MATERIAL PROVIDED
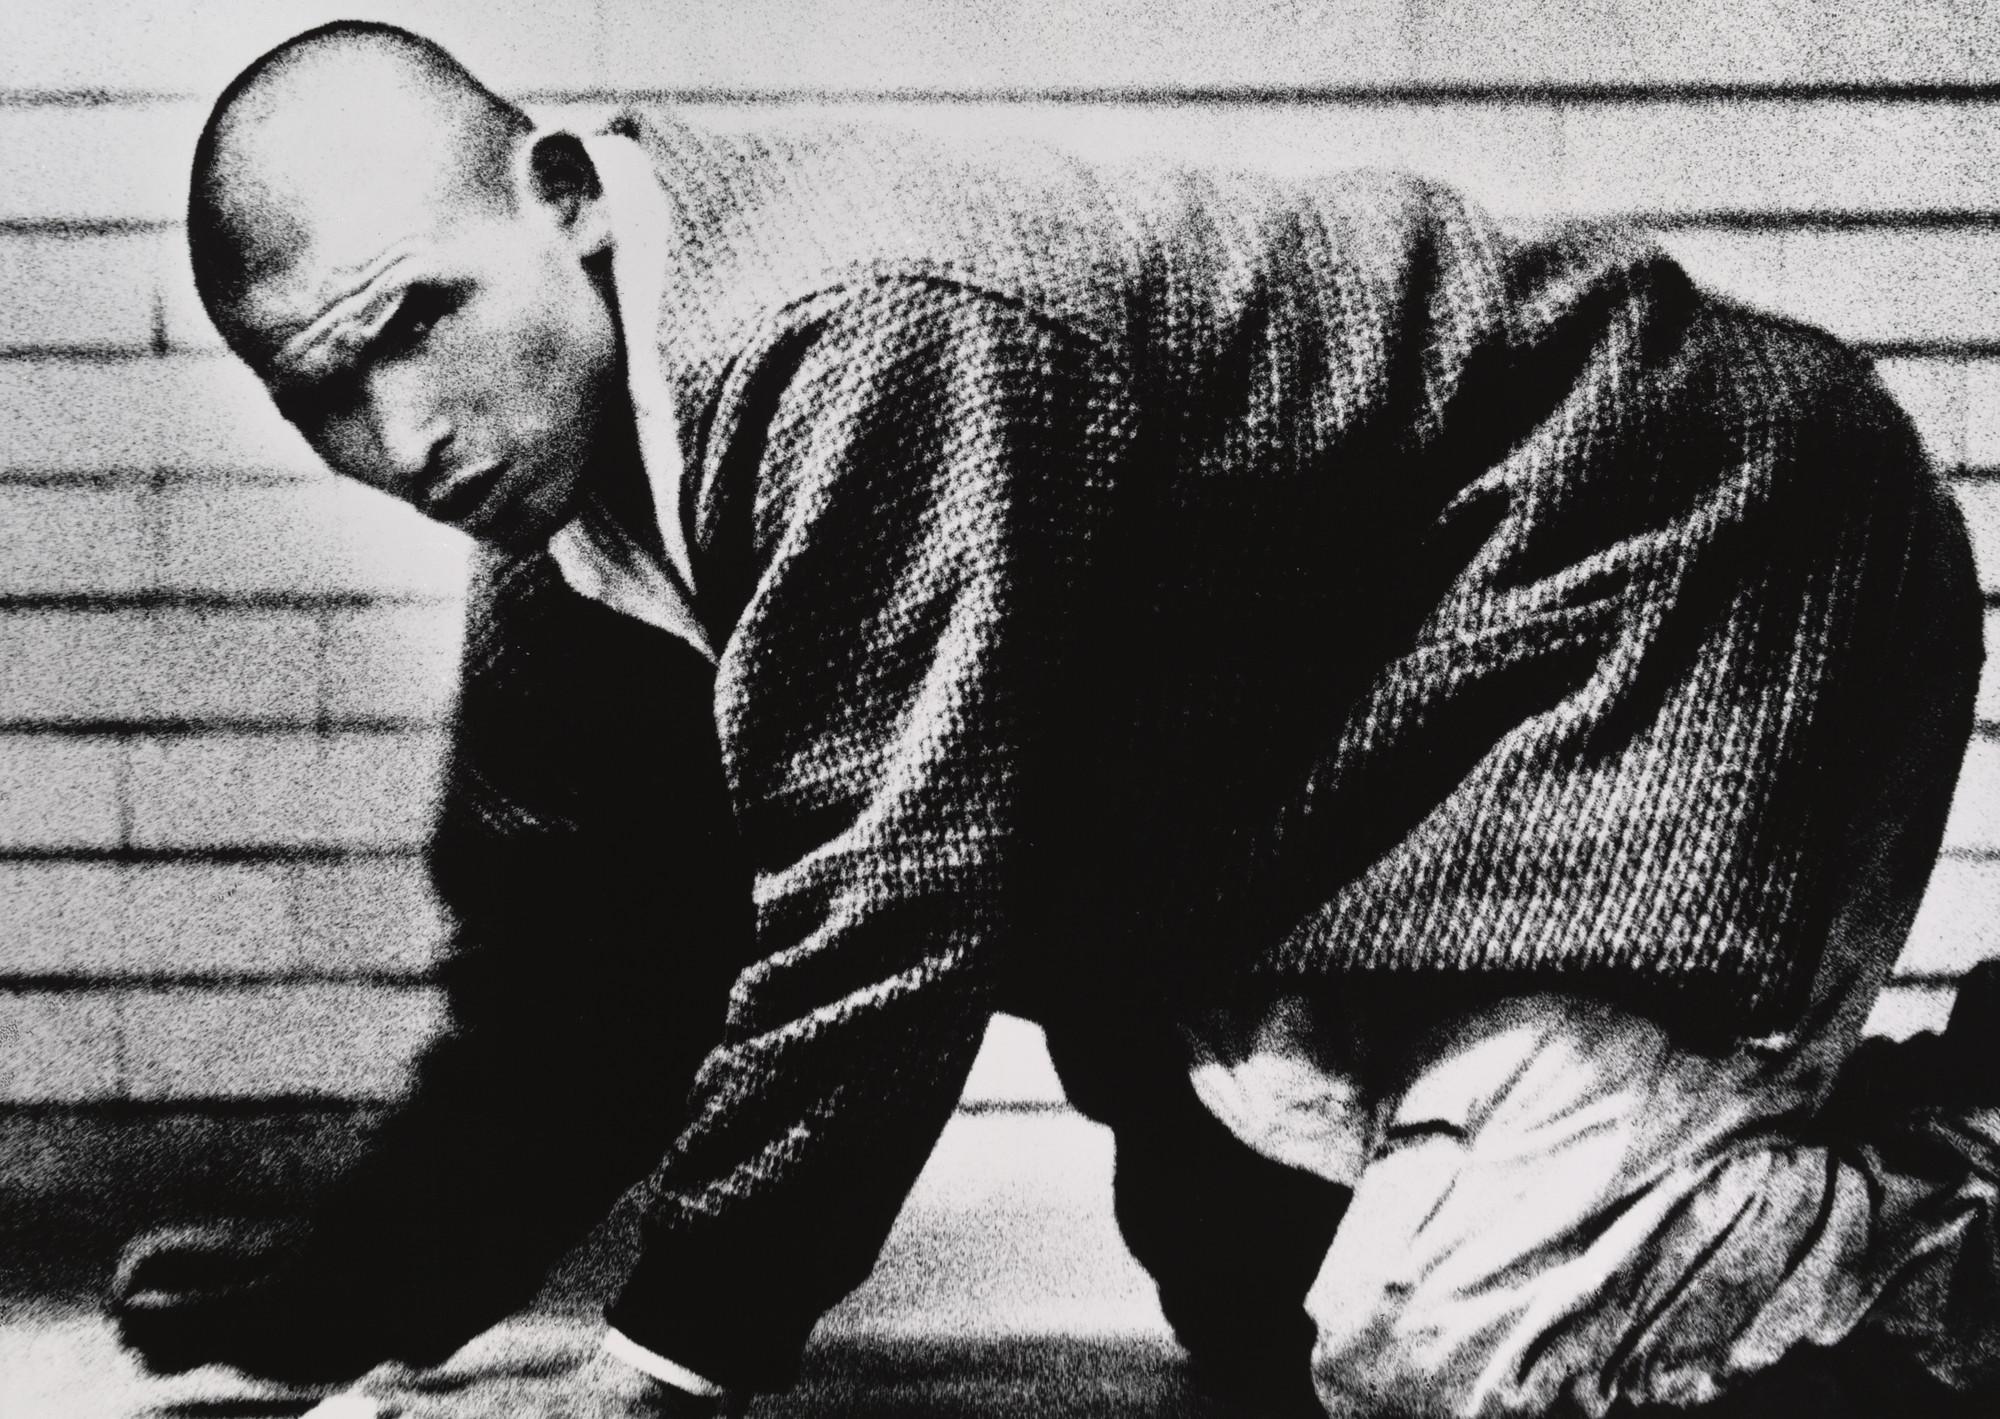 Daido Moriyama. Crippled Beggar, Tokyo. 1965 | MoMA
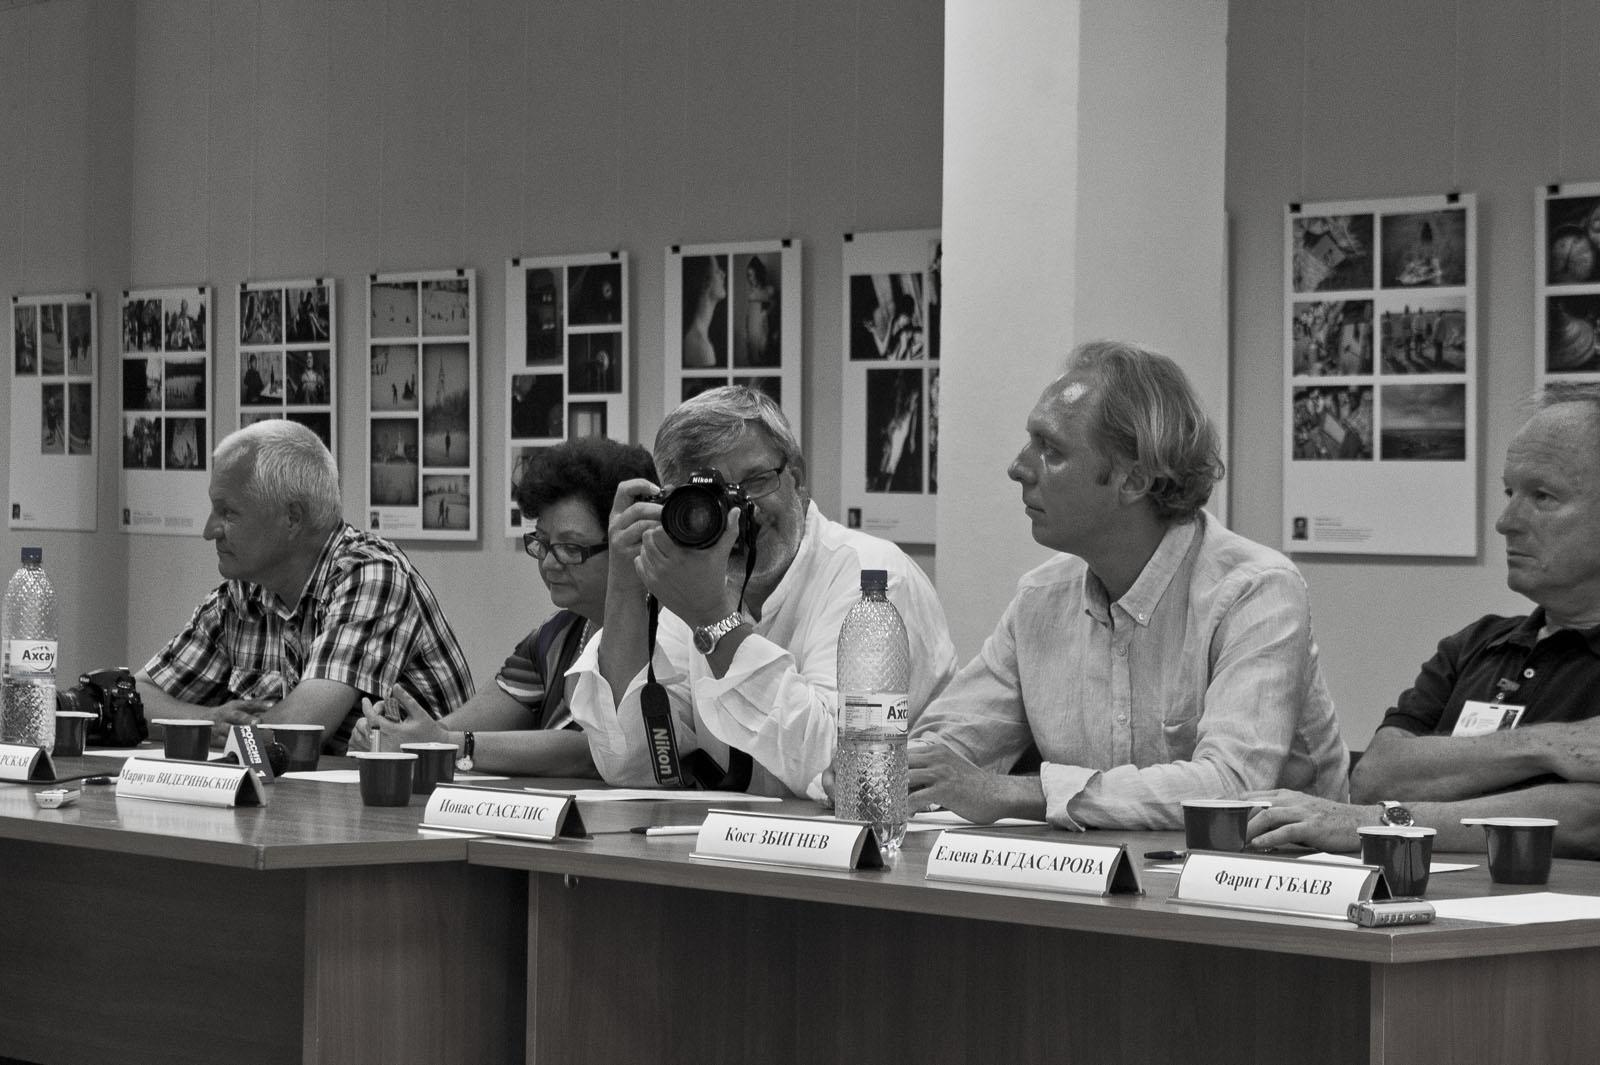 В.Павлов, С.Пожарская, М.Видерыньски, Й.Стаселис,З.Косц::«Молодые фотографы России – 2011»
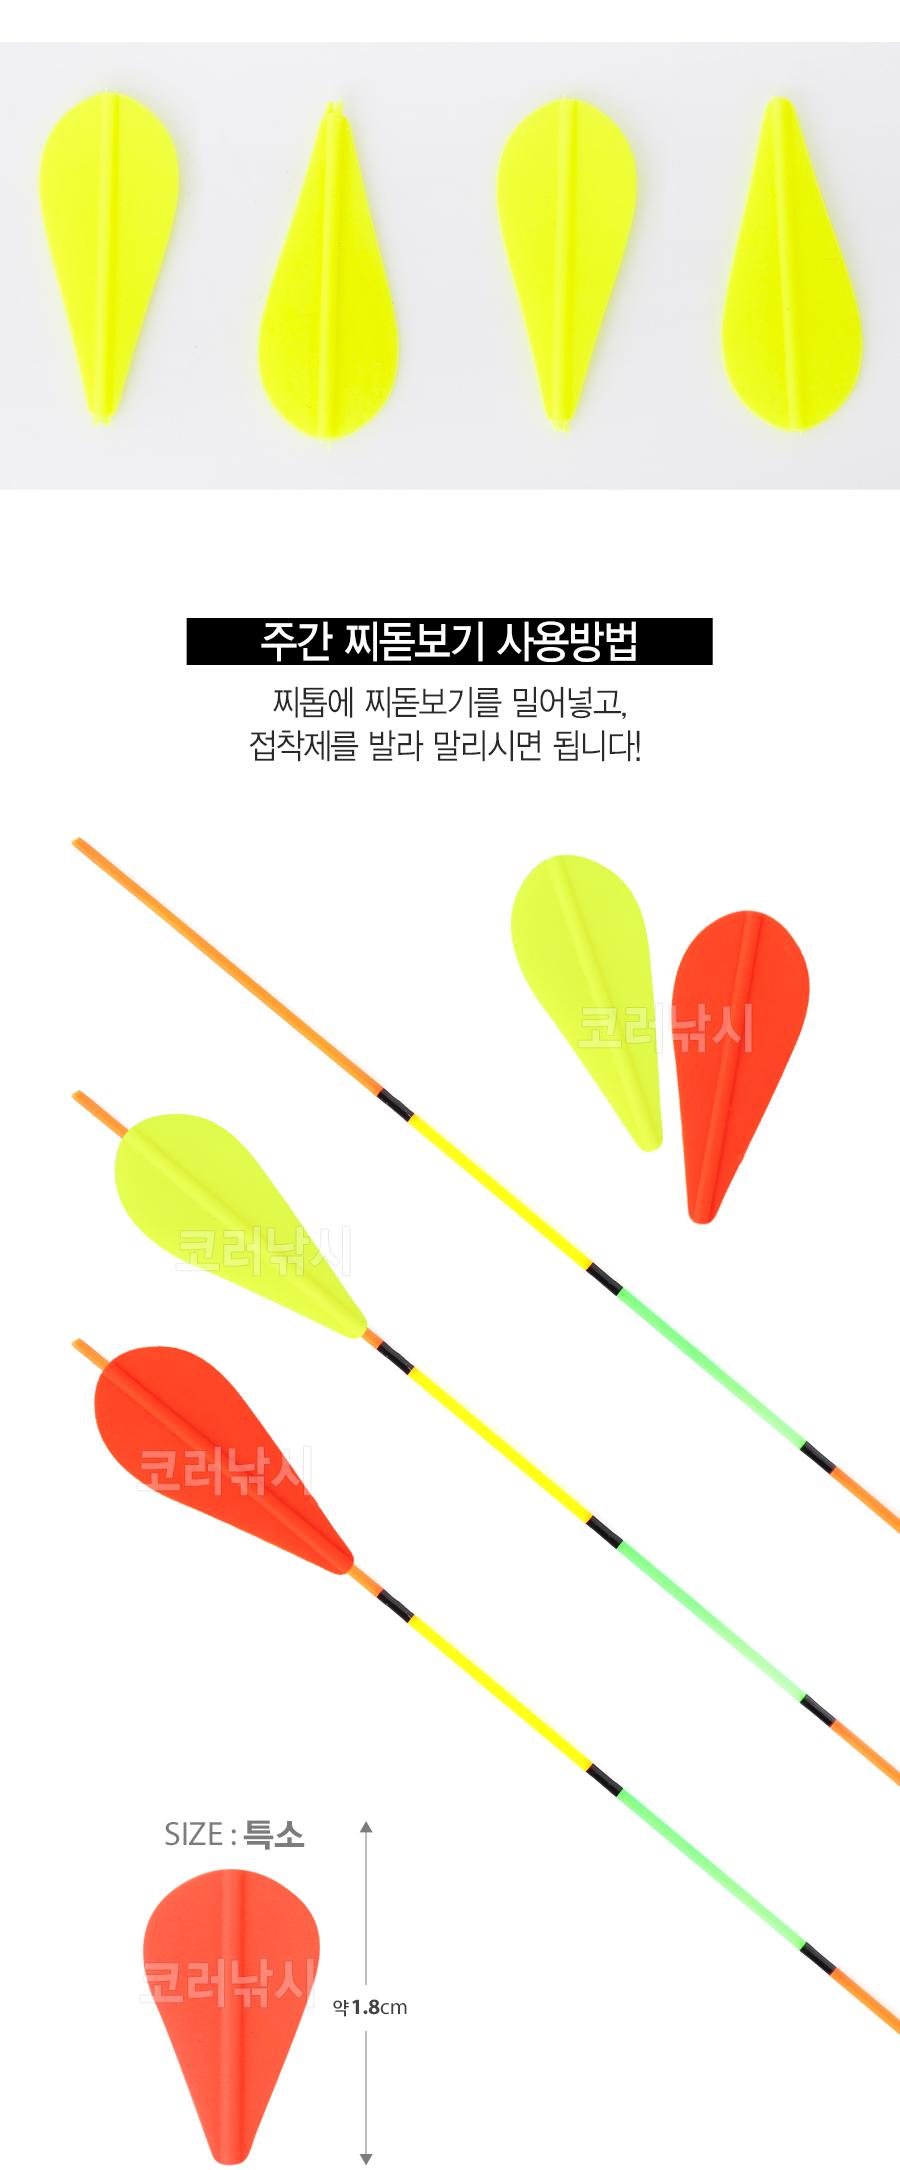 (적립금10%) MJ피싱 주간 찌돋보기 찌날개 주간케미 찌돋보기 나뭇잎

AIM OF THE TASK
A verbatim transcription of the listing is expected, with no pictures included.

RESPONSE AREA
 Daido Moriyama. Crippled Beggar, Tokyo. 1965 | MoMA
 В.Павлов, С.Пожарская, М.Видерыньски, Й.Стаселис,З.Косц::«Молодые фотографы России – 2011»
 (적립금10%) MJ피싱 주간 찌돋보기 찌날개 주간케미 찌돋보기 나뭇잎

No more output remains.